(Dataset extract):
○ ○ ○ ○ ○ ○ ○
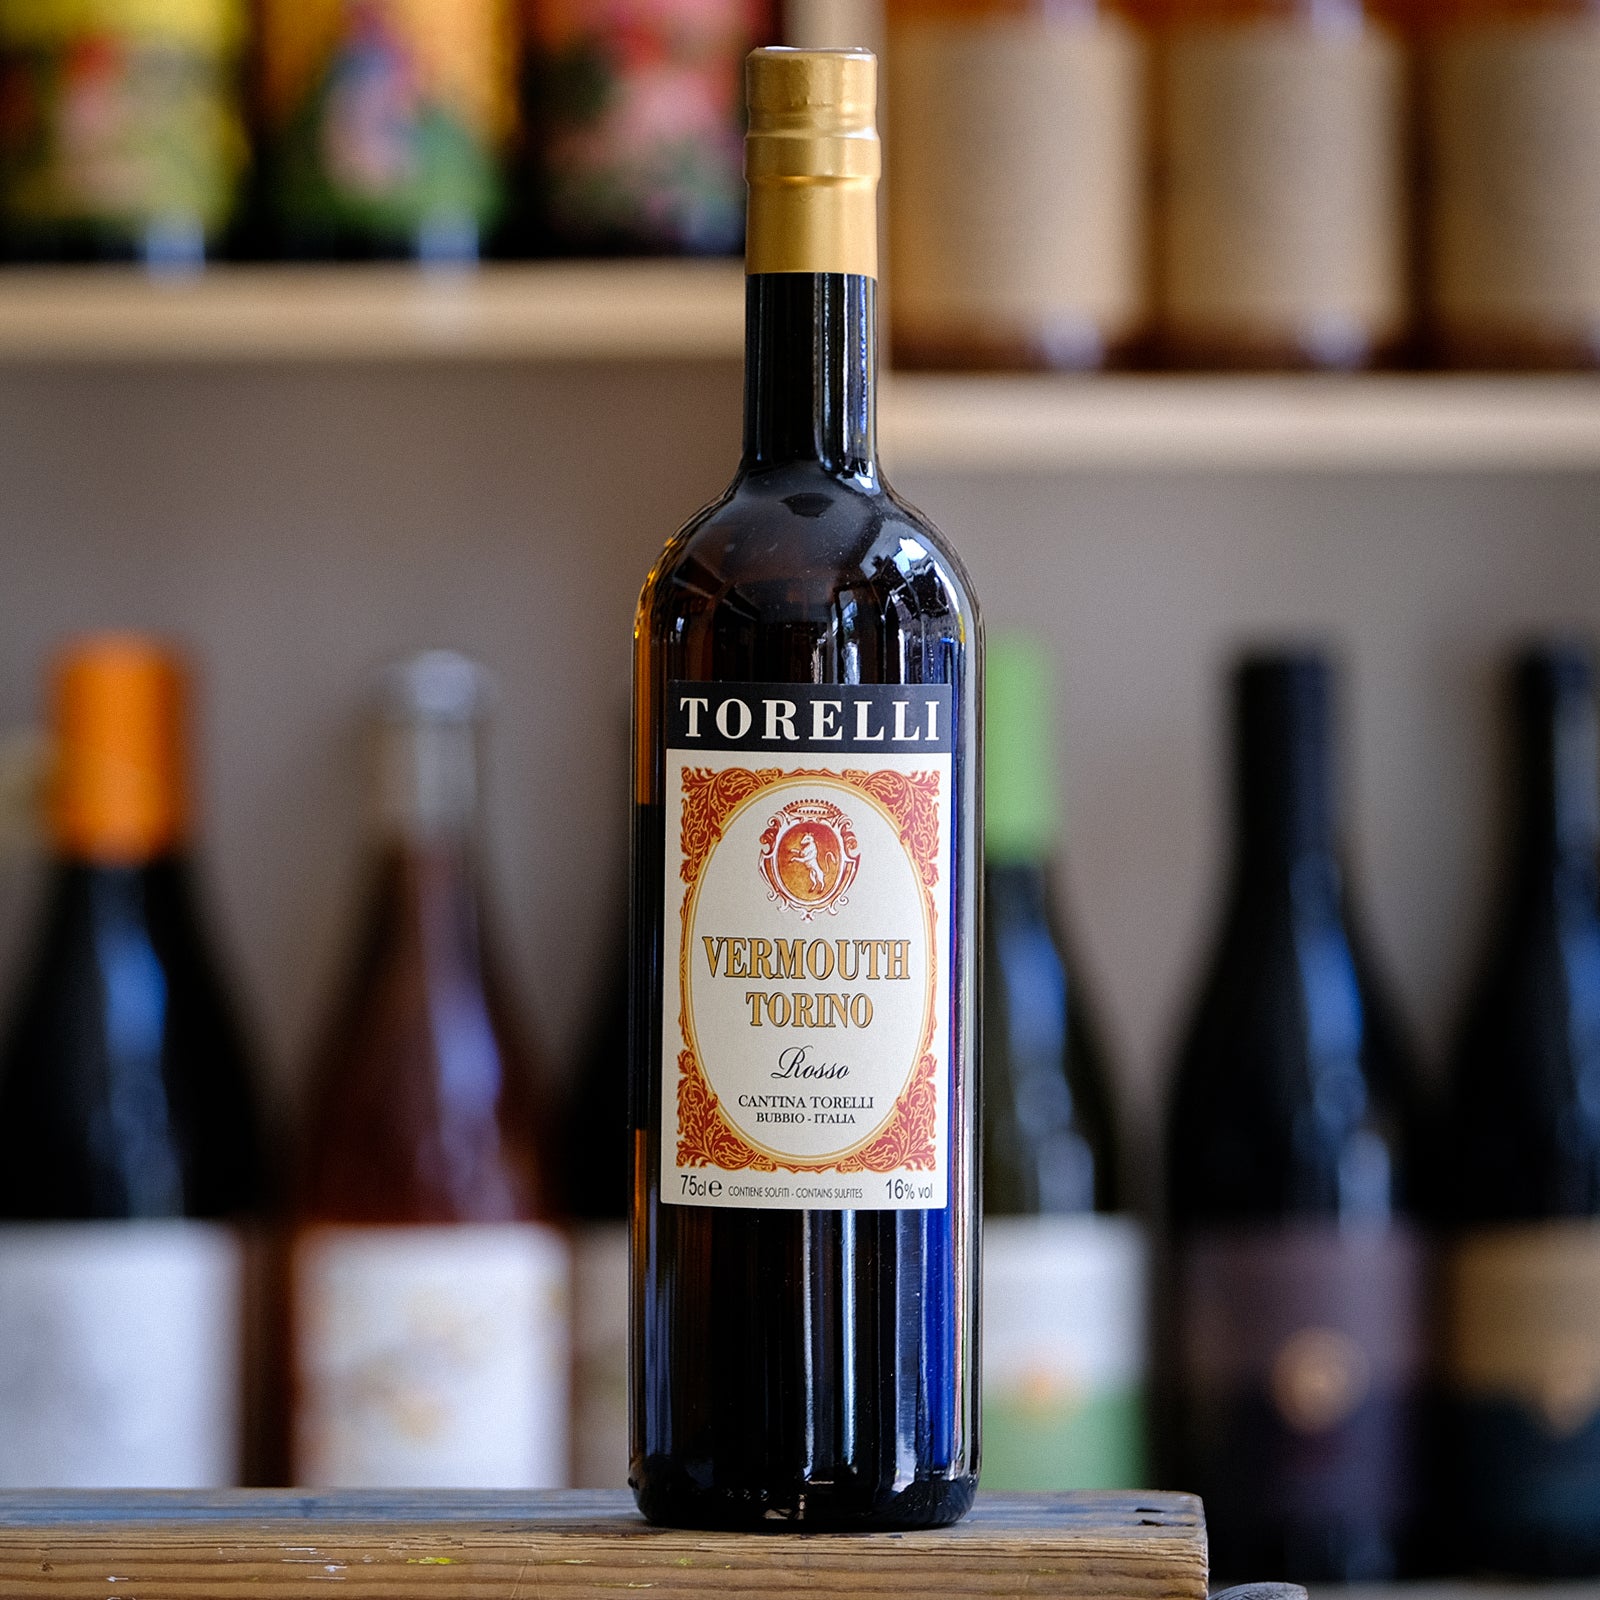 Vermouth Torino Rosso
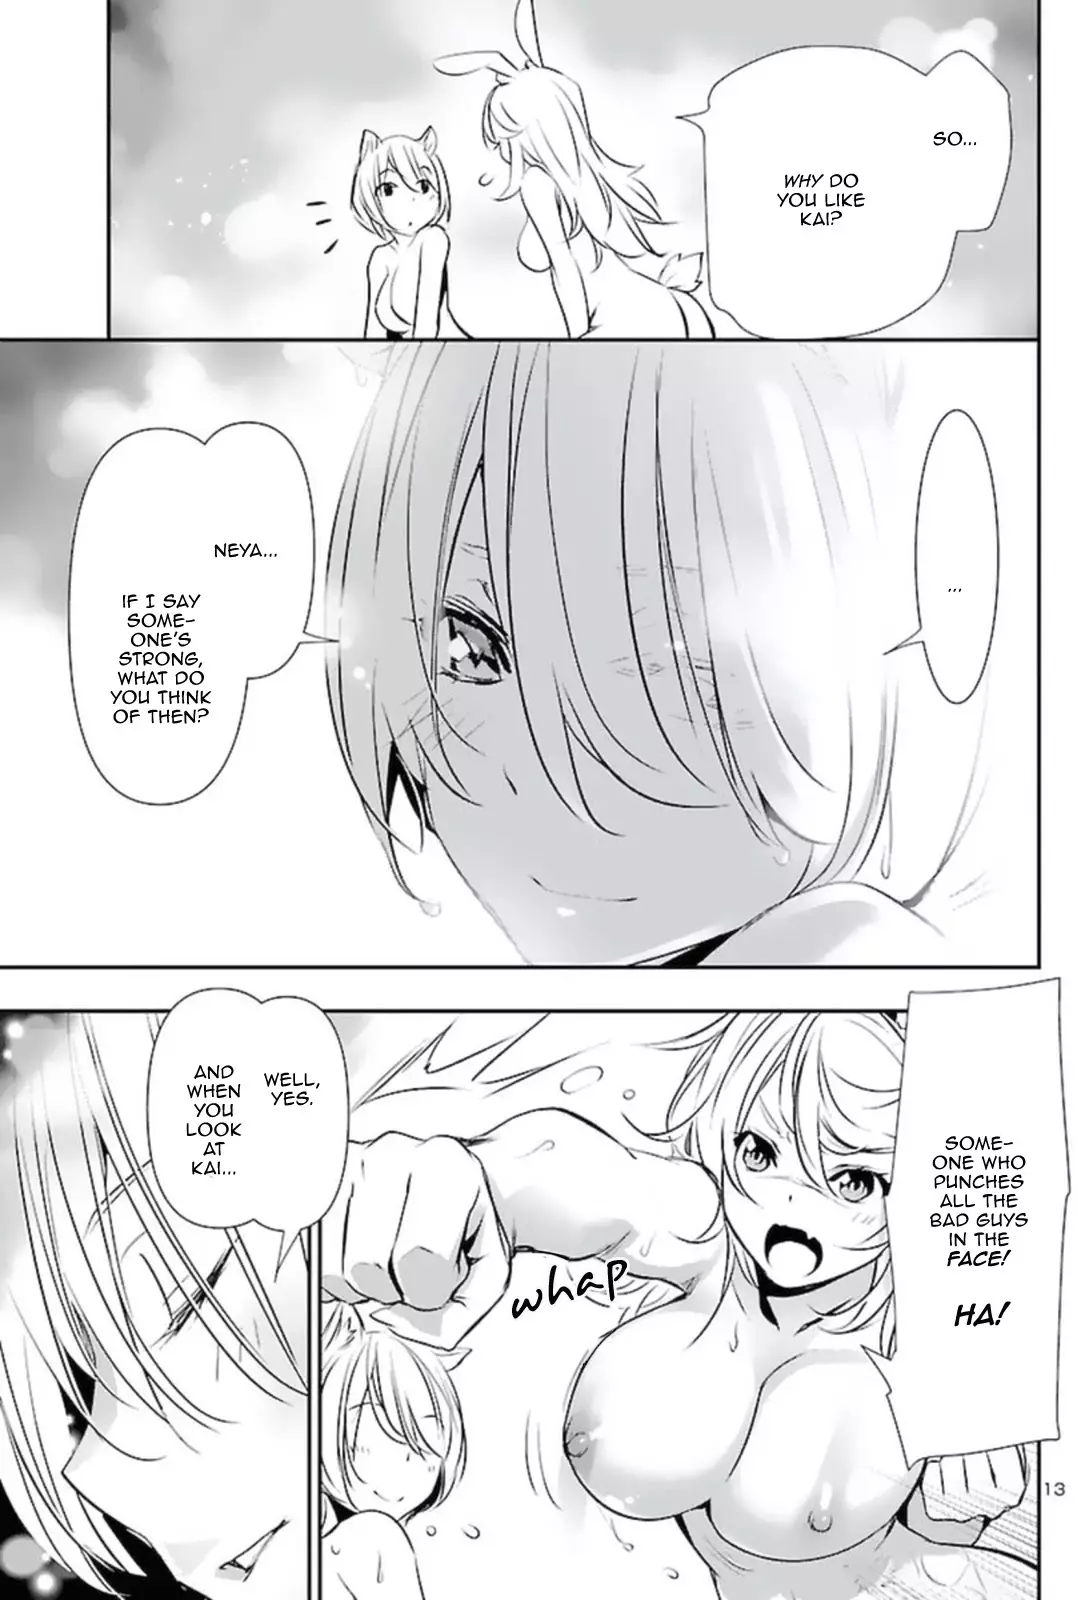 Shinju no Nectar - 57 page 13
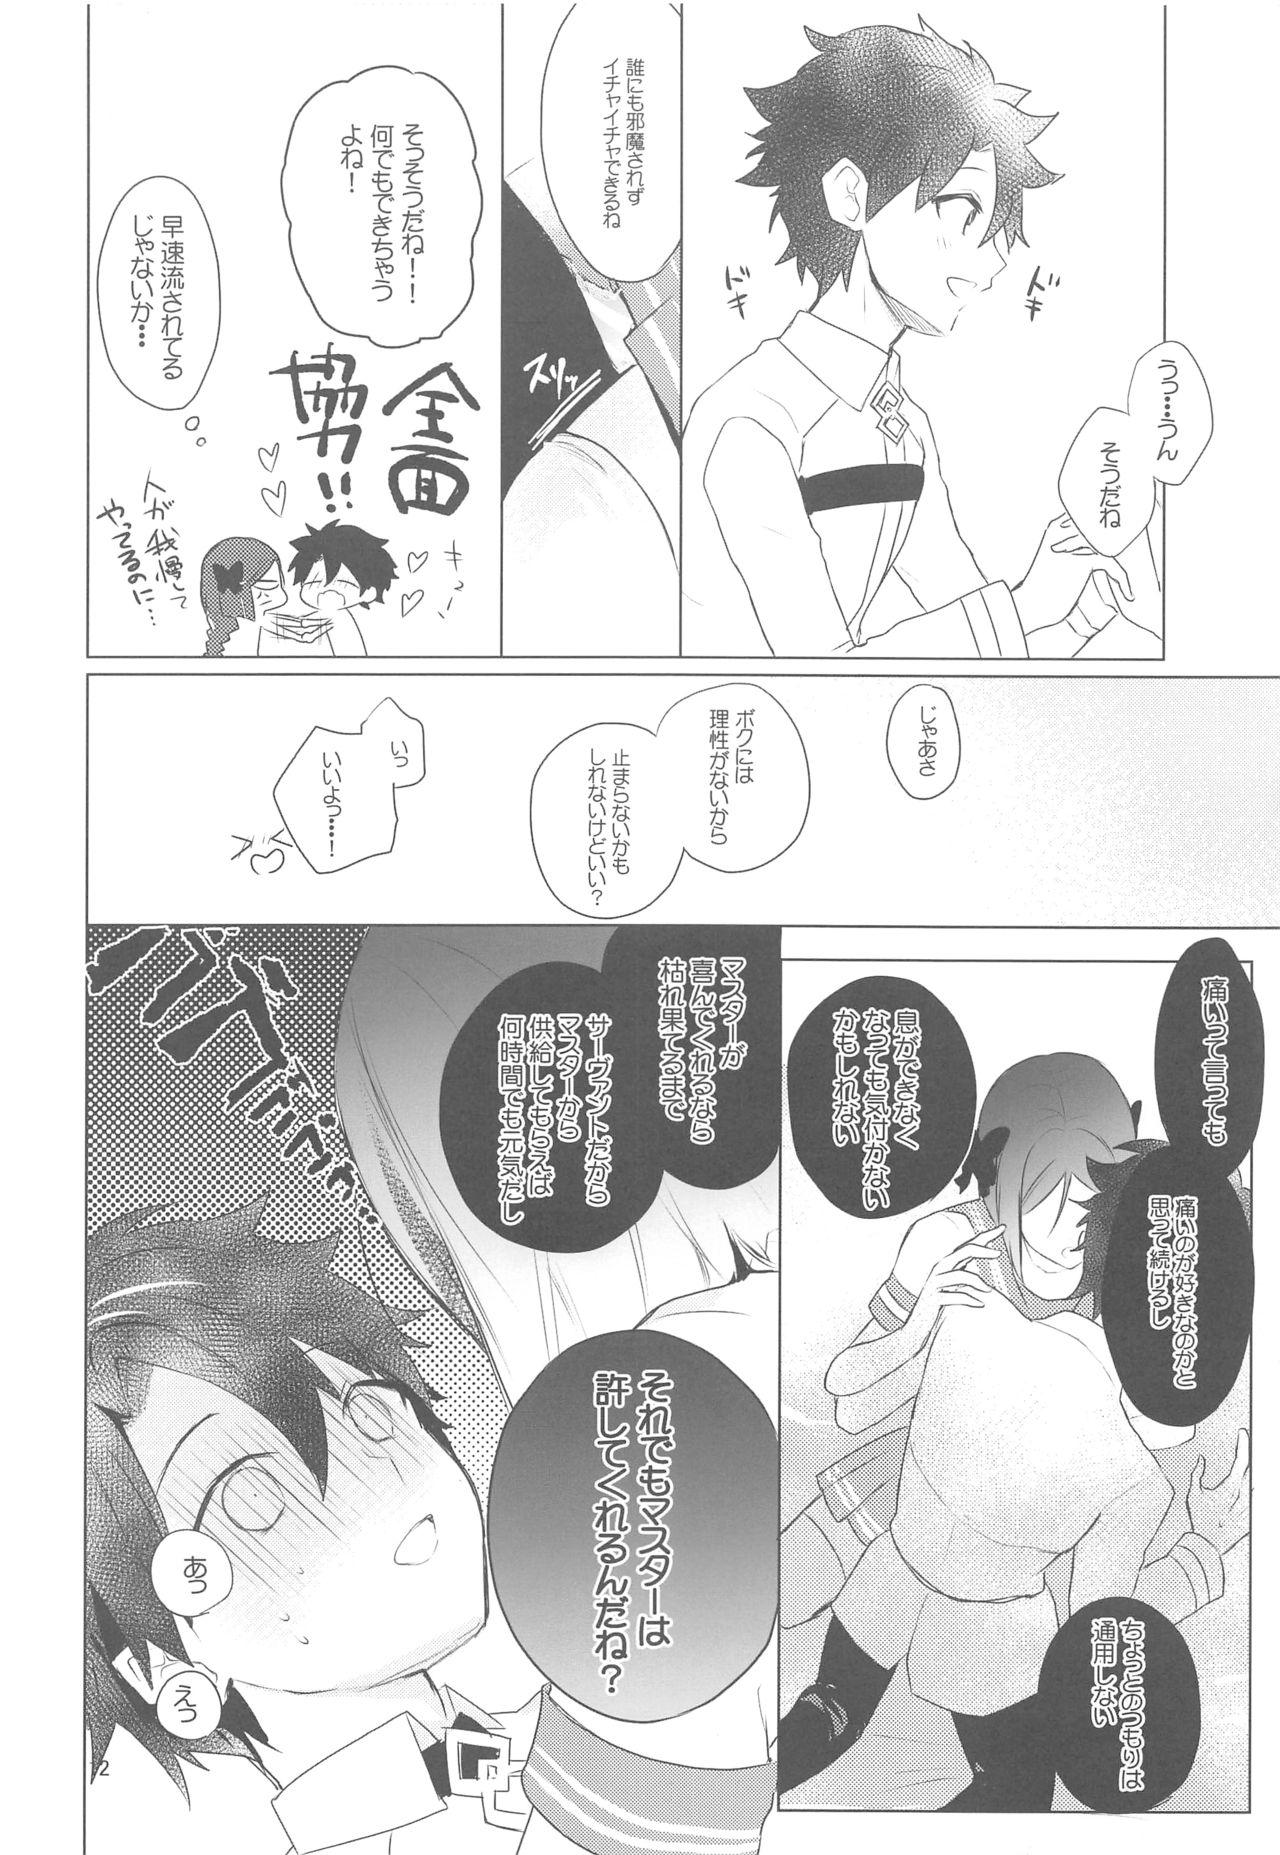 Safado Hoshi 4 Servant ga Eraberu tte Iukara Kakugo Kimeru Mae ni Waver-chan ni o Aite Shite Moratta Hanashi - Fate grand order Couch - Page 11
○ ○ ○ ○ ○ ○ ○
(Exercise objective):
Images are to be skipped, and each line above is to be returned exactly.

(Answer section):
 Vermouth Torino Rosso
 Shinju no Nectar - 57 page 13
 Safado Hoshi 4 Servant ga Eraberu tte Iukara Kakugo Kimeru Mae ni Waver-chan ni o Aite Shite Moratta Hanashi - Fate grand order Couch - Page 11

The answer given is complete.